Abstract: The soluble manganese in electrolytic manganese residue (EMR) leads to serious environmental problems, and it’s important to solidify the soluble manganese. In this article, the immobilization of Mn²⁺ in EMR curing by CaO and its kinetic mechanism were studied. The effects of the content of CaO, liquid-solid ratio, temperature and reaction time on the Mn²⁺precipitation efficiency were investigated systematically. The structure and morphology of raw EMR and treated EMR were characterized by XRD and SEM-EDS. The results show that with the CaO:EMR mass ratio of 6:100, liquid:solid ratio of 4:1, temperature of 55 ℃, and reacting time of 150 min, the Mn²⁺ precipitation efficiency is 99.72%. The mechanism demonstrated that Mn²⁺ is immobilized in the form of groutite (MnOOH) and ramsdellite (MnO₂). The results of kinetics show that it is controlled by the chemical reaction and diffusion mixing of the residual solid film, and the apparent activation energy of the reaction is 11.713 5 kJ/mol. This study provides a simple and effective method to modify manganese residue, which can be applied to guide the sustainable utilization of manganese residue.

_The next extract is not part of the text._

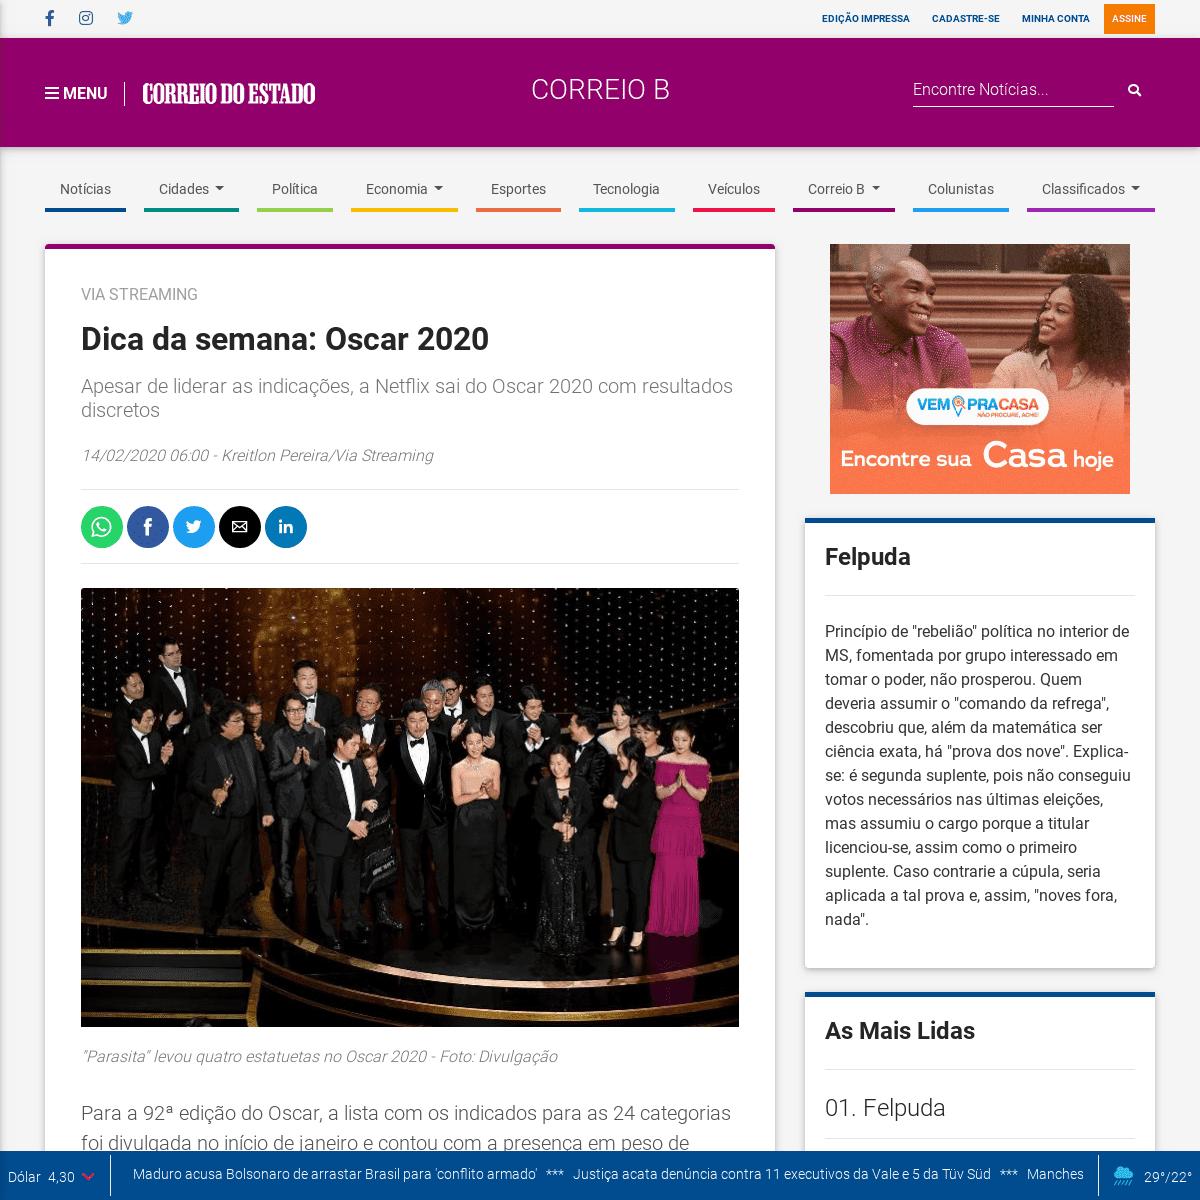 ArchiveBay.com - www.correiodoestado.com.br/correio-b/dica-da-semana:-oscar-2020/367592 - Dica da semana- Oscar 2020

Key words: electrolytic manganese residue, calcium oxide, immobilization, kinetics, activation energy, shrinkage unreacted nucleus model

CLC Number:

X753

FENG Shengxia, YANG Min, ZHANG Yu, DUAN Jiangfei, HE Weilong, LI Rui. Immobilization and Kinetics of Mn²⁺ in Electrolytic Manganese Residue[J]. BULLETIN OF THE CHINESE CERAMIC SOCIETY, 2021, 40(7): 2313-2319.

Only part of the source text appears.